Reproduce exactly the opening lines of the listing, stopping after the line that contains "Headgear (Hats and Hair)" and including it.

[Given records]
--- START ---

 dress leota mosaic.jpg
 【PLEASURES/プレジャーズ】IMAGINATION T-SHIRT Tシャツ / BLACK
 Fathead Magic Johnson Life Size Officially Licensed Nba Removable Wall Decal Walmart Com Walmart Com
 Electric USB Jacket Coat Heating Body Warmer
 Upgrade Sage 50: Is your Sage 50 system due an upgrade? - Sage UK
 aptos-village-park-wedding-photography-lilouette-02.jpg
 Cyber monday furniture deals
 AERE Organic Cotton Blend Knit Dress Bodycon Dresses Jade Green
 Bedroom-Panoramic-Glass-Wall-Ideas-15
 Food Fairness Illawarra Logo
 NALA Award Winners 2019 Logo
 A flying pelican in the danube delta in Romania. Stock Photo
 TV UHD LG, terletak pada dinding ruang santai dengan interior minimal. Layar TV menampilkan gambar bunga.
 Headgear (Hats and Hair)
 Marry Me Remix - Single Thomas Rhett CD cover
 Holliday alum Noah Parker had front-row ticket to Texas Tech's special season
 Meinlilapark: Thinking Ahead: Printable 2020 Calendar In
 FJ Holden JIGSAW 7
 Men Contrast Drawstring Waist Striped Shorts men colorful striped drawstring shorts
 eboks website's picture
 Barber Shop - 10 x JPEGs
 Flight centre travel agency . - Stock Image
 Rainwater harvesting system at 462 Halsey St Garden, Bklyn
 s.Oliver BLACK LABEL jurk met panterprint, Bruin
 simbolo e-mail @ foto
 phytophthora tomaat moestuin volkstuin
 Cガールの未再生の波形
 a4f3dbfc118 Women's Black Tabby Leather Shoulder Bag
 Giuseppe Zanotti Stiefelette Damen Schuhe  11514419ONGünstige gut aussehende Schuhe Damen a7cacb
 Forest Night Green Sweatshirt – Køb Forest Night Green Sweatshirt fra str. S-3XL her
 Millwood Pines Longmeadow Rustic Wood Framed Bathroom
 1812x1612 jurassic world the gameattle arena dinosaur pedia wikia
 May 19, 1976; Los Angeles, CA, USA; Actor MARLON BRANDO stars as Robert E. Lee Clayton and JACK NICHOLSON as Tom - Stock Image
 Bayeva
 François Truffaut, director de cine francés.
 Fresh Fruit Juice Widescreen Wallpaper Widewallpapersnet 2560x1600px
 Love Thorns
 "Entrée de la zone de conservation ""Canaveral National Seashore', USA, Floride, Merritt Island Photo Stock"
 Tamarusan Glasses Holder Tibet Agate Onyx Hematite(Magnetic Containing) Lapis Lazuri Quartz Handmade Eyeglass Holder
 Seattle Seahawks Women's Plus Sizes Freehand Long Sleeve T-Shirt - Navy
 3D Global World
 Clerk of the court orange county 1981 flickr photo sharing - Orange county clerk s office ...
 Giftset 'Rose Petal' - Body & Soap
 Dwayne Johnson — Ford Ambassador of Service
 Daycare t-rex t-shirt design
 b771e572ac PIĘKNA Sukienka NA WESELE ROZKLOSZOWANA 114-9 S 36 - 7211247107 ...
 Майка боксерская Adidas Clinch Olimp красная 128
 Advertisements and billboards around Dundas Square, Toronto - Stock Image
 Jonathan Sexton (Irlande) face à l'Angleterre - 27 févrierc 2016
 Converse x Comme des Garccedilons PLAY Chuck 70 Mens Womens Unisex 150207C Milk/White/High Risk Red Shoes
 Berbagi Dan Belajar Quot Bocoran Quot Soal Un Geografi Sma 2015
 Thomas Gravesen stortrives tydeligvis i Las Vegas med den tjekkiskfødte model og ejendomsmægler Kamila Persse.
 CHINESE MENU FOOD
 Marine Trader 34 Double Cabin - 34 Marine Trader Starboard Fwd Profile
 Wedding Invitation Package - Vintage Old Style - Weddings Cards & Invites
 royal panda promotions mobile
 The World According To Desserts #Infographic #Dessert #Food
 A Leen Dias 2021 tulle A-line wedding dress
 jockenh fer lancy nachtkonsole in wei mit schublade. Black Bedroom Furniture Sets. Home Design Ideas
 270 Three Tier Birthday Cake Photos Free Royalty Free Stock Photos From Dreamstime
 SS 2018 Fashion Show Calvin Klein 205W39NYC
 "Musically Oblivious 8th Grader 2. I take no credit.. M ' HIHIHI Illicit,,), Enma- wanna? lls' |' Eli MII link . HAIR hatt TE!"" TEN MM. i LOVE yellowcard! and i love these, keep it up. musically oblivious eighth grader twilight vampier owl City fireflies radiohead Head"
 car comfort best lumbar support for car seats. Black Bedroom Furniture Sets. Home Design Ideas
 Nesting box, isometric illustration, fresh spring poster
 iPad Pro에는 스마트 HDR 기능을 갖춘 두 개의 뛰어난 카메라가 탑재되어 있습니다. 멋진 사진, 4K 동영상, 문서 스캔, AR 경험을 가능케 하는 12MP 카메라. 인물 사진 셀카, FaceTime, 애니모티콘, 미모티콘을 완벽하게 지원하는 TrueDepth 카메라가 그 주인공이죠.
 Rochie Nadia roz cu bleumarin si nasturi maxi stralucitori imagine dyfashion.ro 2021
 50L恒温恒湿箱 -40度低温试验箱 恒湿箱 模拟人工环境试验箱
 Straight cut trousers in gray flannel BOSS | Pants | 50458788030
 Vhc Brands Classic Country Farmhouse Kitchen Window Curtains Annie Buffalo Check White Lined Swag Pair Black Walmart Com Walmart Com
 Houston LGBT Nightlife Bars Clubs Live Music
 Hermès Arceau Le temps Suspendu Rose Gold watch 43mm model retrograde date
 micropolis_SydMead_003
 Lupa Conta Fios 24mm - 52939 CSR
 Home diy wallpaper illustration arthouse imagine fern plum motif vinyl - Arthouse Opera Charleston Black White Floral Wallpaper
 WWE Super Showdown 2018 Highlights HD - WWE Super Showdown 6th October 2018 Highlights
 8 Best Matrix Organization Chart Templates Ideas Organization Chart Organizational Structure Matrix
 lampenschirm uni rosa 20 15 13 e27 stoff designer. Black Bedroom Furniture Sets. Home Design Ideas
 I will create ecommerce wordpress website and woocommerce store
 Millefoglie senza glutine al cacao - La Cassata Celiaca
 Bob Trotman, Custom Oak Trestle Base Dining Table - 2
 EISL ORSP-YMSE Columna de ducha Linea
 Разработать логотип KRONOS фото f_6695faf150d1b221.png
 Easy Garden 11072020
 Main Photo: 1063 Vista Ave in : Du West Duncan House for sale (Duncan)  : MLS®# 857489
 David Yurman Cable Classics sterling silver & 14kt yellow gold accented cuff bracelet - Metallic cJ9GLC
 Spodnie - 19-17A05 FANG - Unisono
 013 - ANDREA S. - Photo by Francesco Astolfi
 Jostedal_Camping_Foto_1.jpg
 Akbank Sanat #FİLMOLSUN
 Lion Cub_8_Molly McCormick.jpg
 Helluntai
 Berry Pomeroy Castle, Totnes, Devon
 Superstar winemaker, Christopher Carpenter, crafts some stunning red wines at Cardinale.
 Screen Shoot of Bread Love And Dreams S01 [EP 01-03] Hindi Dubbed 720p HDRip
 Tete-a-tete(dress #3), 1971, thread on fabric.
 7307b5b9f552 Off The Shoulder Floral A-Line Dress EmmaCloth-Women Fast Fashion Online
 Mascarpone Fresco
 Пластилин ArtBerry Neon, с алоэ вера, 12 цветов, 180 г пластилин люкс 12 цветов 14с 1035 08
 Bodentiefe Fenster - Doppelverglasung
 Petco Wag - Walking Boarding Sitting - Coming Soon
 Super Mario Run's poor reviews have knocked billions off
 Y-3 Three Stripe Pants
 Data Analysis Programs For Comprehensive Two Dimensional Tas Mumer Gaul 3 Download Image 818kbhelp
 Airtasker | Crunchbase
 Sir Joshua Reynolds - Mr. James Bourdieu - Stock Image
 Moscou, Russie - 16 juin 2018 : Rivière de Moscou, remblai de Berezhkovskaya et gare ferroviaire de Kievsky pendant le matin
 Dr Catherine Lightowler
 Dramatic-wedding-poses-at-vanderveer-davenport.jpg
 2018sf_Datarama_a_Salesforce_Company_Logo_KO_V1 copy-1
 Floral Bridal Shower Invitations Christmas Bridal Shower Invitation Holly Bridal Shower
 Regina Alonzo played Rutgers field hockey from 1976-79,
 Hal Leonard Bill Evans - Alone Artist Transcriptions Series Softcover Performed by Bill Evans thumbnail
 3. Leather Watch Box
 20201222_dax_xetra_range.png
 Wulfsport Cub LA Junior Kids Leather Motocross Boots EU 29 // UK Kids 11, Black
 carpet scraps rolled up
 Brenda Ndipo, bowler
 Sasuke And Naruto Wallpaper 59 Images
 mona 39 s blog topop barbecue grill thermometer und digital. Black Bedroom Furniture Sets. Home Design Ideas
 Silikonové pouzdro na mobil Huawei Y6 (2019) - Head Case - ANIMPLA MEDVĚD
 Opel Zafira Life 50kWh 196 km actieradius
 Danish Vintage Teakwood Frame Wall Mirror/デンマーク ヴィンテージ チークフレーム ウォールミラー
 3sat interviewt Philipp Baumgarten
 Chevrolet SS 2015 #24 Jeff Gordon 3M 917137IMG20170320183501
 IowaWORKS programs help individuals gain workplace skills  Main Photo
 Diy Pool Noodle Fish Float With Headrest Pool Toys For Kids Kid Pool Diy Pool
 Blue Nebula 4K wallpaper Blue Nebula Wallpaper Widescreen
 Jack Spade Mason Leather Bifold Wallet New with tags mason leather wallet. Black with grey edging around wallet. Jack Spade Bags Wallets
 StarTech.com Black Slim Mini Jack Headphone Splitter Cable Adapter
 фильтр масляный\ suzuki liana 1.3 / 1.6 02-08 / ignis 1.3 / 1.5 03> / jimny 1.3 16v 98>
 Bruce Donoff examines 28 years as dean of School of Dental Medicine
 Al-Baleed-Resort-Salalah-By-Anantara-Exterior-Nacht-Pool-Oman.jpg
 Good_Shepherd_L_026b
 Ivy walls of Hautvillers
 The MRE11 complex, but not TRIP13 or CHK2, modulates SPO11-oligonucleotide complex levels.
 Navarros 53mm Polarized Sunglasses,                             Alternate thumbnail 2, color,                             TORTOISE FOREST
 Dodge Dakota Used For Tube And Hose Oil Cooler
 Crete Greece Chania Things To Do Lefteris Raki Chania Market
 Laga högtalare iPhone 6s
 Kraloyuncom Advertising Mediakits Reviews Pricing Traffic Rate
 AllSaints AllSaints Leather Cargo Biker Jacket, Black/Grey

--- END ---

[Response area]
 dress leota mosaic.jpg
 【PLEASURES/プレジャーズ】IMAGINATION T-SHIRT Tシャツ / BLACK
 Fathead Magic Johnson Life Size Officially Licensed Nba Removable Wall Decal Walmart Com Walmart Com
 Electric USB Jacket Coat Heating Body Warmer
 Upgrade Sage 50: Is your Sage 50 system due an upgrade? - Sage UK
 aptos-village-park-wedding-photography-lilouette-02.jpg
 Cyber monday furniture deals
 AERE Organic Cotton Blend Knit Dress Bodycon Dresses Jade Green
 Bedroom-Panoramic-Glass-Wall-Ideas-15
 Food Fairness Illawarra Logo
 NALA Award Winners 2019 Logo
 A flying pelican in the danube delta in Romania. Stock Photo
 TV UHD LG, terletak pada dinding ruang santai dengan interior minimal. Layar TV menampilkan gambar bunga.
 Headgear (Hats and Hair)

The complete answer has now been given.